ASSIGNMENT:
Copy out all of the data exactly as it appears.

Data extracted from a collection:

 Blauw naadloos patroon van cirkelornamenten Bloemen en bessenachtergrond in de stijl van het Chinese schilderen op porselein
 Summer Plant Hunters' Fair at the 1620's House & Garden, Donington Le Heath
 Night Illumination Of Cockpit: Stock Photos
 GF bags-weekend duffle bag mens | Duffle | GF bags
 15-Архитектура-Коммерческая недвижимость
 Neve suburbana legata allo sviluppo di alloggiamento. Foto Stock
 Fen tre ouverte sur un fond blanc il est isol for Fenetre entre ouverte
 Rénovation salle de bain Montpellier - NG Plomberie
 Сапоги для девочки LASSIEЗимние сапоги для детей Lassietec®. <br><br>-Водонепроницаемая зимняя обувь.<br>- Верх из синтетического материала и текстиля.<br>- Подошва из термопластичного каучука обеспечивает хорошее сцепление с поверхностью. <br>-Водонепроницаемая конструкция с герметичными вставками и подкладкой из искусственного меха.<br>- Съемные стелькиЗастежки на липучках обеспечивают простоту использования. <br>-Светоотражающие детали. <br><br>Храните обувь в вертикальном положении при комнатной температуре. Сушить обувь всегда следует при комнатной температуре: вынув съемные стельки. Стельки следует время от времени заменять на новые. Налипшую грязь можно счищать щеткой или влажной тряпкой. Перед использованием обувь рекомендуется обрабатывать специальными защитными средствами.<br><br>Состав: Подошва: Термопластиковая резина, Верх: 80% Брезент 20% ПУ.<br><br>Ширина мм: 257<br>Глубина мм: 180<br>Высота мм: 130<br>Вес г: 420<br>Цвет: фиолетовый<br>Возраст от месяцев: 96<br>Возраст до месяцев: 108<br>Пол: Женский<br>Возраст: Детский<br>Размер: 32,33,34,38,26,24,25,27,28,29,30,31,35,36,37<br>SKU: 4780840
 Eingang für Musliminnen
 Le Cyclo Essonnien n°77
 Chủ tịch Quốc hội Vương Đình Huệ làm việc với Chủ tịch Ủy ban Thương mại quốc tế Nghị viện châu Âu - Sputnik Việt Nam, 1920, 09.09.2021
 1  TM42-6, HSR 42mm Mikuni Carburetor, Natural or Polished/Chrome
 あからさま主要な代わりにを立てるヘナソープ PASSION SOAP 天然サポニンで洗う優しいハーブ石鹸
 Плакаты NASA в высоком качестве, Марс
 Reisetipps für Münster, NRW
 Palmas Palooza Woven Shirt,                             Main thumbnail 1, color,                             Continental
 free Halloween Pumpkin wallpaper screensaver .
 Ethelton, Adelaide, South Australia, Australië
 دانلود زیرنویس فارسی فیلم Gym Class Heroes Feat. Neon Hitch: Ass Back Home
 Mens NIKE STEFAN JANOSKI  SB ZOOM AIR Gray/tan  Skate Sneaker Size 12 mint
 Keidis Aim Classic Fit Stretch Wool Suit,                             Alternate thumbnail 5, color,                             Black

PROBLEM SOLUTION:
 Blauw naadloos patroon van cirkelornamenten Bloemen en bessenachtergrond in de stijl van het Chinese schilderen op porselein
 Summer Plant Hunters' Fair at the 1620's House & Garden, Donington Le Heath
 Night Illumination Of Cockpit: Stock Photos
 GF bags-weekend duffle bag mens | Duffle | GF bags
 15-Архитектура-Коммерческая недвижимость
 Neve suburbana legata allo sviluppo di alloggiamento. Foto Stock
 Fen tre ouverte sur un fond blanc il est isol for Fenetre entre ouverte
 Rénovation salle de bain Montpellier - NG Plomberie
 Сапоги для девочки LASSIEЗимние сапоги для детей Lassietec®. <br><br>-Водонепроницаемая зимняя обувь.<br>- Верх из синтетического материала и текстиля.<br>- Подошва из термопластичного каучука обеспечивает хорошее сцепление с поверхностью. <br>-Водонепроницаемая конструкция с герметичными вставками и подкладкой из искусственного меха.<br>- Съемные стелькиЗастежки на липучках обеспечивают простоту использования. <br>-Светоотражающие детали. <br><br>Храните обувь в вертикальном положении при комнатной температуре. Сушить обувь всегда следует при комнатной температуре: вынув съемные стельки. Стельки следует время от времени заменять на новые. Налипшую грязь можно счищать щеткой или влажной тряпкой. Перед использованием обувь рекомендуется обрабатывать специальными защитными средствами.<br><br>Состав: Подошва: Термопластиковая резина, Верх: 80% Брезент 20% ПУ.<br><br>Ширина мм: 257<br>Глубина мм: 180<br>Высота мм: 130<br>Вес г: 420<br>Цвет: фиолетовый<br>Возраст от месяцев: 96<br>Возраст до месяцев: 108<br>Пол: Женский<br>Возраст: Детский<br>Размер: 32,33,34,38,26,24,25,27,28,29,30,31,35,36,37<br>SKU: 4780840
 Eingang für Musliminnen
 Le Cyclo Essonnien n°77
 Chủ tịch Quốc hội Vương Đình Huệ làm việc với Chủ tịch Ủy ban Thương mại quốc tế Nghị viện châu Âu - Sputnik Việt Nam, 1920, 09.09.2021
 1  TM42-6, HSR 42mm Mikuni Carburetor, Natural or Polished/Chrome
 あからさま主要な代わりにを立てるヘナソープ PASSION SOAP 天然サポニンで洗う優しいハーブ石鹸
 Плакаты NASA в высоком качестве, Марс
 Reisetipps für Münster, NRW
 Palmas Palooza Woven Shirt,                             Main thumbnail 1, color,                             Continental
 free Halloween Pumpkin wallpaper screensaver .
 Ethelton, Adelaide, South Australia, Australië
 دانلود زیرنویس فارسی فیلم Gym Class Heroes Feat. Neon Hitch: Ass Back Home
 Mens NIKE STEFAN JANOSKI  SB ZOOM AIR Gray/tan  Skate Sneaker Size 12 mint
 Keidis Aim Classic Fit Stretch Wool Suit,                             Alternate thumbnail 5, color,                             Black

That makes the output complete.